Войдя в спальню, он вежливо разбудил всех и представился. Никто в сущности ничего не ответил, но все встали относительно легко, заправили кровати, умылись и спустились на завтрак. Хоть они и выполняли веления нового воспитателя, но делали это так, будто его и не существует вовсе, и что приказы его выполняются лишь потому, что они соответствуют их собственным желаниям. Мансур это заметил и решил, что с ними надо будет провести беседу. После завтрака все собрались в классе, включили телевизор и, небрежно развалившись на креслах, диване и коврике на полу, стали смотреть какой-то художественный фильм. Мансур сел за свой рабочий стол и попросил выключить телевизор, сказав, что хочет с ними поговорить. Но его будто никто и не слышал. Он повторил просьбу, чуть повысив голос, но и на сей раз никто не шелохнулся. «Понятно», – подумал он, и, спокойно встав из-за стола и подойдя к розетке, куда была воткнута вилка от шнура телевизора, выдернул ее, бросил на пол и встал перед телевизором. Теперь все уставились на него. Развалившимся на диване и креслах он велел спуститься на пол – так, сидя за своим столом, он сможет видеть их лица; но ему еще хотелось, чтобы эти маленькие твари, так вальяжно расположившиеся кто как, при этом нагло игнорируя его веления, сидели на полу, когда он, заняв свое место, будет говорить. Двое нехотя поднялись и сели на коврик. Тогда Мансур еще строже повторил свой приказ. Встали и остальные, с презрительной миной на лице, и неохотно присоединились к сидящим на полу. Остался один, Хасан, самый старший в группе. На очередное веление Мансура он, пристально глядя ему в глаза, спокойно ответил: «Че ты тут орешь? Если тебе надо, иди сам усаживайся на пол. Я отсюда не встану». Мансур, взбешенный столь откровенной наглостью, рванулся к нему и, обеими руками схватив его за футболку на груди, оторвал от дивана и швырнул прямо на пол. Тот кубарем покатился по коврику.
Затем Мансур молча, ничего не говоря, вернулся к своему столу и опустился на стул.
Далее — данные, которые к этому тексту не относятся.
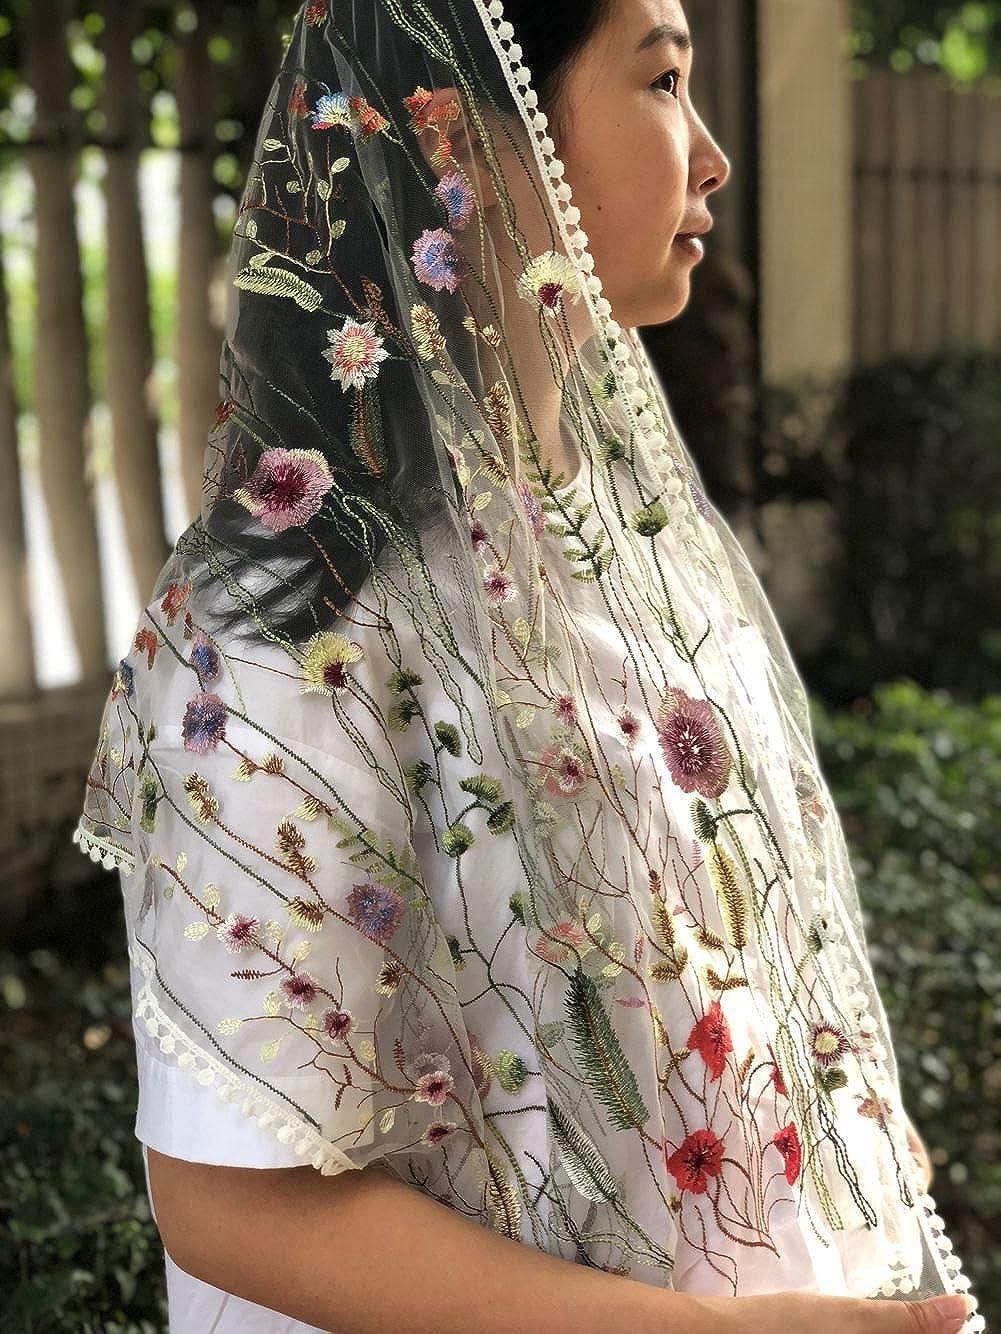 FANFAN Wildflowers Floral Lace Wrap Mantilla Floral Vintage Inspired Lace Chapel Veil Y038
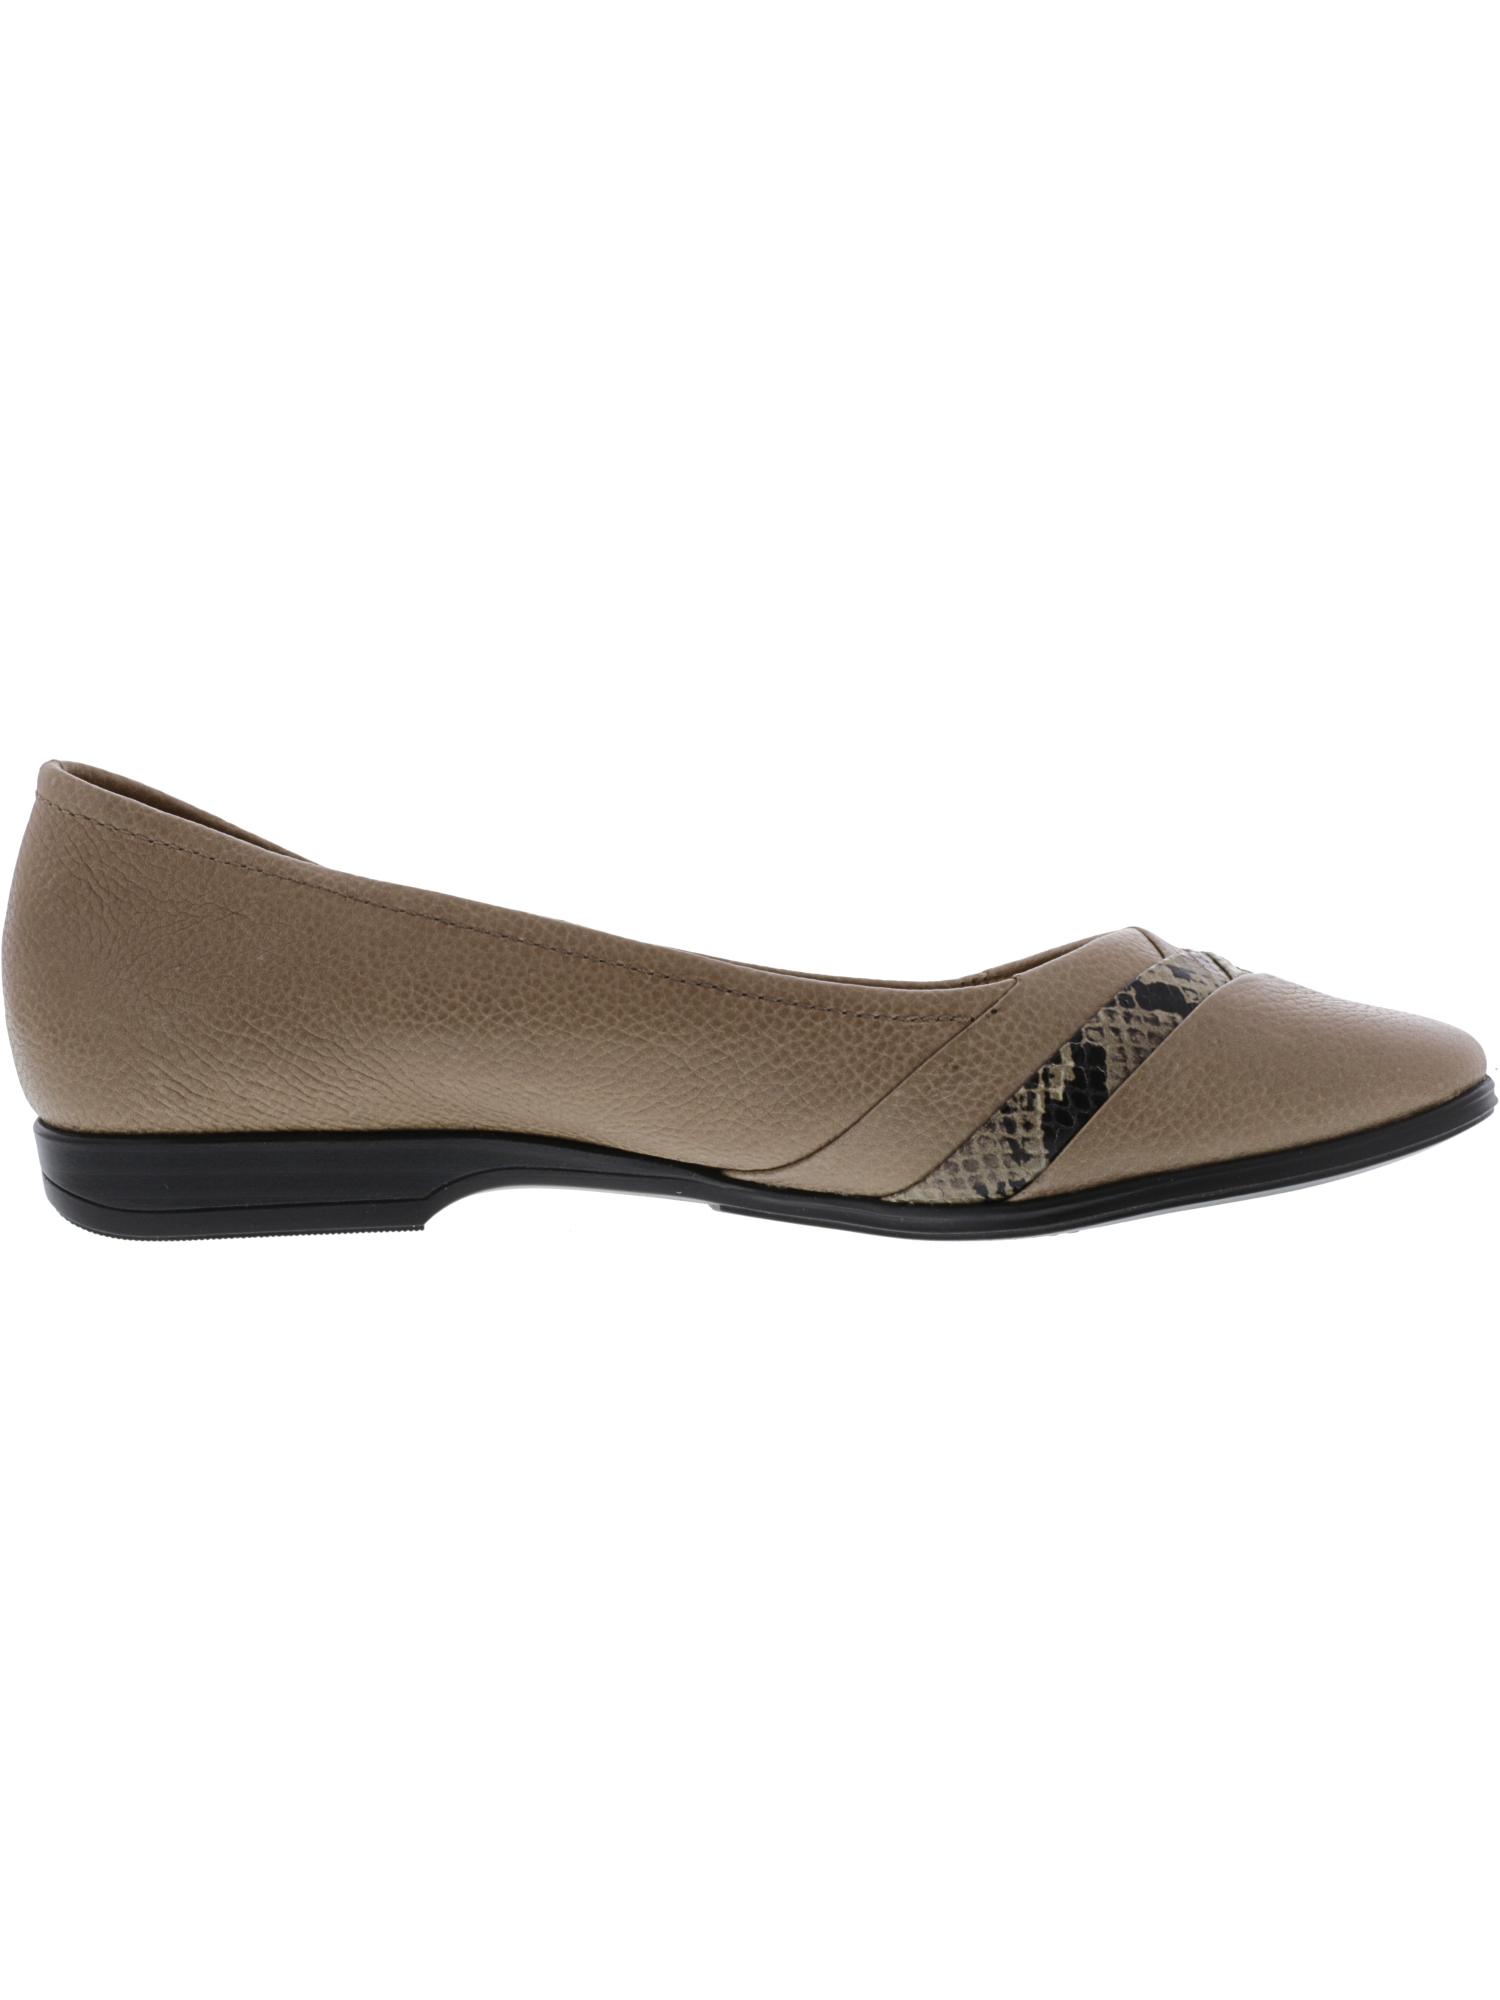 Naturalizer-Women-039-s-Jaye-Ankle-High-Leather-Flat-Shoe miniature 6

– Ты что себе позволяешь?! Да кто ты вообще такой?! – быстро вскочив на ноги, от неожиданности вдруг растерявшись и озлобившись, проговорил Хасан, но тут же, еще что-то недовольно пробубнив себе под нос, опустился на пол, возмущенно дыша и фыркая. Воцарилась тишина, взоры всех теперь были пристально устремлены на Мансура. «Вот это уже другое дело, теперь можно и говорить»,– подумал он, и, сам немного успокоившись, нарочито вежливо сказал:
– А теперь послушайте сюда, это, уверяю вас, в ваших же интересах. Меня зовут Мансур. Как вы уже знаете, я назначен на место вашего предыдущего воспитателя. Вам, конечно, вовсе не так уж и безразлично знать, кто я и как буду вести себя с вами, хоть вы и пытаетесь меня игнорировать. Кто я, если это вам действительно интересно, вы немного узнаете по ходу нашей работы. А вот что касается того, каким я с вами буду, тут уж все зависит только от вас. Если я встречу в вас понимание и послушание, то я буду вежливым, сострадательным, идущим вам навстречу настолько, насколько это мне будут позволять мои должностные обязанности. Сразу скажу, грубить вам, оскорблять чувства вашего достоинства, унижать, иметь к кому-либо из вас предвзятое отношение и требовать от вас непосильного, я не стану. Итак, вы будете слушаться меня в том, что касается моих обязательств, и я не буду мешать вам делать то, что вы хотите и любите, пока это не будет касаться запретного. – Он умолк и внимательно оглядел всех, чтобы убедиться, что его действительно слышат и понимают. Вроде все нормально, и он продолжил. – Но если я встречу в вас непослушание, упрямство, если увижу, что моя доброта воспринимается как признак слабости и вседозволенности, я вам тут жизнь отравлю. Каждый день моего прихода для вас будет сущим наказанием. Я не дам вам смотреть телевизор, не пущу во двор поиграть, запрещу ходить в школу…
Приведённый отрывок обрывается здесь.